Something fascinating about late night this week was how unnewsworthy a week it was. It was announced that New York would convene a new grand jury to look into Trump’s business dealings, and the late-night hosts were like, “Yeah, and?” We’ve all been through this dance so many times, not even the people who have to come up with timely jokes every night could be roused. The jokes, instead, were about how unlikely it was that this grand jury would amount to anything.
That’s not to say it was a totally uneventful week. The season finale of Tiny Secret Whispers completely switched the genre of the show, which is huge. Dave Grohl co-hosted The Tonight Show with Jimmy Fallon. The two sang into the same microphone, which was only mildly bone-chilling after a year of COVID safety precautions being hammered into our skulls. And Ziwe interviewed Andrew Yang, whose complete inability to be humbled or cowed posed a real challenge for the Showtime host. How do you shame the unshameable? It’s the problem of our age. Here’s what worked best in this weird news week.
5. The Late Late Show’s Corporate Synergy
Andrew Rannells made the rounds on late night this week, appearing on The Late Late Show and A Little Late With Lilly Singh. On Corden, Rannells talked about his brief flirtation with being a late ’90s club kid, and girl, same. Who among us didn’t see Party Monster and think, I would simply murder anyone for ketamine, then come up with a high-concept makeup look? Rannells’s club kid look was a shirt that read “HOOKER 2000” and that Debbie Harry complimented. But the best moment with Corden was when he acknowledged the main reason he’d had the whole Black Monday crew on the show was because Showtime and CBS are owned by the same company.
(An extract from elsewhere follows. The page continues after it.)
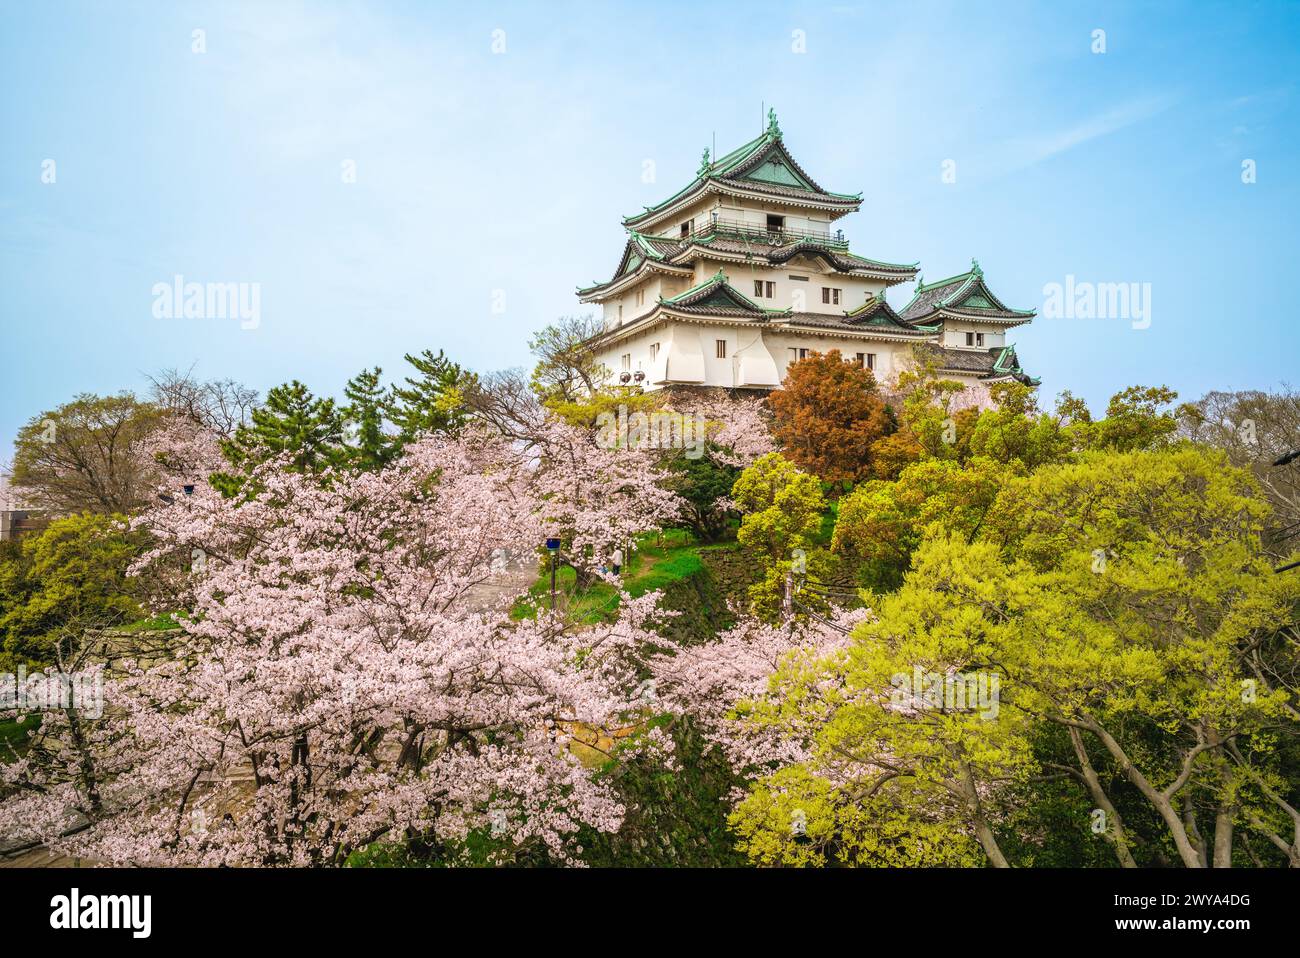 Wakayama Castle, a Japanese castle located in Wakayama city, Wakayama Prefecture, Japan. Stock Photo
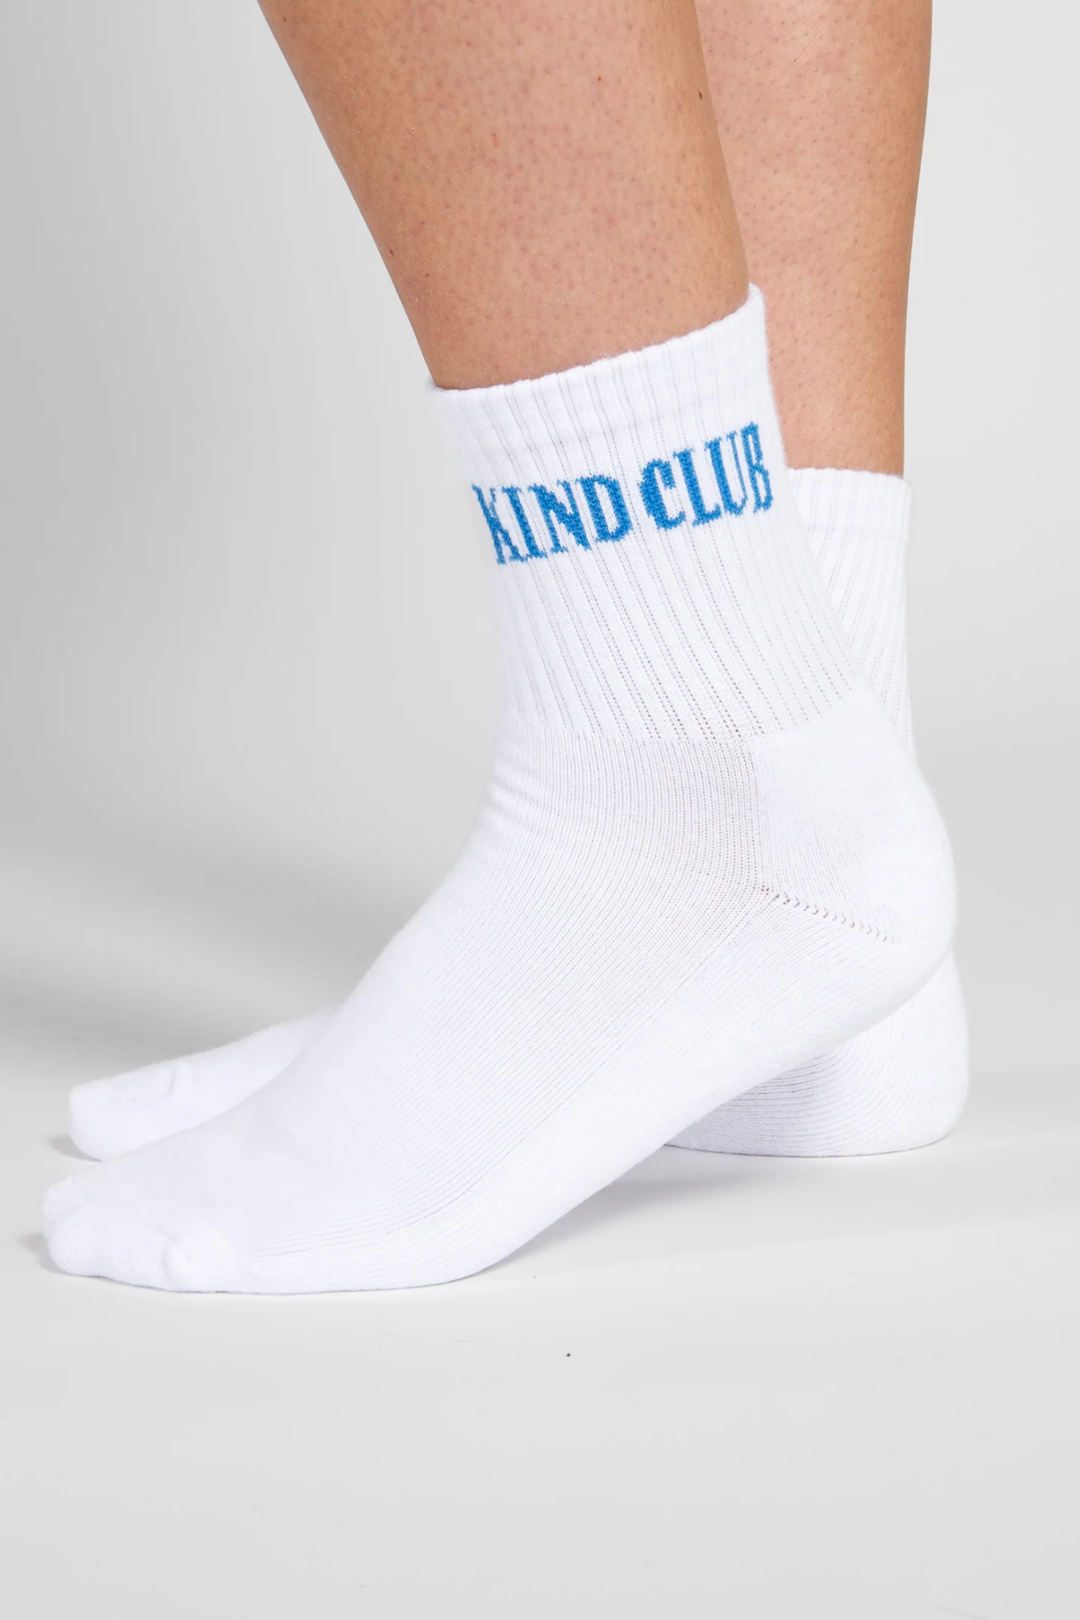 "Kind Club" Socks

As every media company buys every other company, it’s nice to see a late-night host help us all learn media literacy.
4. Amber Ruffin Turns Marjorie Taylor Greene Into Pennywise the Clown
Cecily Strong’s Marjorie Taylor Greene is already the stuff of legend, so it was ballsy for The Amber Ruffin Show to try a take on her. Ruffin’s “Jokes Seth Can’t Tell” co-host Jenny Hagel found a way, though. Hagel leaned into the implied violence of Taylor Greene, serving Bill Skarsgård Pennywise in her performance. Hopefully it’ll be a recurring impression. Or not, because the real hope is that she’ll stop being noteworthy enough to do an impression of her. But if Marjorie Taylor Greene has to be a person, Jenny Hagel should keep dunking on her.
3. Late Night’s Single-Issue Mayoral Candidate
America should not have to care about the New York City mayoral race. Fun fact: Most people do not live there! But Late Night With Seth Meyers found a way to dial into the specific weirdness of New York with a fictional gal running for mayor on one platform: to be able to see the abandoned subway stop under City Hall. Weirdos that got into urban exploration in the early aughts (me) and/or watch too many Insider infotainment YouTube videos (also me) know all about the secret and almost certainly cursed MTA stations, and it’s nice to finally see a politician who gets it.
2. BTS Shows You How Fingers Work on The Late Show
Fresh off their McDonald’s menu triumph, BTS stopped by The Late Show With Stephen Colbert to let Americans know all the cool Korean hand gestures. Unsatisfied with merely introducing the finger heart, the K-pop group introduced such gestures as “someone stole my pogo stick” and “summon Stephen Colbert from the void.” J-Hope may think Conan O’Brien is named Curtain, but we can bet he knows Colbert now.
1. John Oliver Punks Local News, Summons George Clooney
Speaking of summoning folks, John Oliver can summon George Clooney with a snap of his fingers. Oliver illustrated that in his May 23 episode, which looked at all the sponsored content on local news. Apparently you can just buy local news coverage for your snake-oil faux-medical nonsense. Which is exactly what Oliver did. The Last Week Tonight team “invented” some sort of blanket that magnetizes your pussy back into fighting shape and managed to get it on local news stations across the country. It was nice to see Oliver and company get back to stunt journalism. They’re truly the heirs apparent to Nellie Bly, who got herself institutionalized in the 19th century to expose the inhumane conditions of the mental institutions of the day. Plenty of content this week was funny; only one show managed to affect corporate policy on news stations.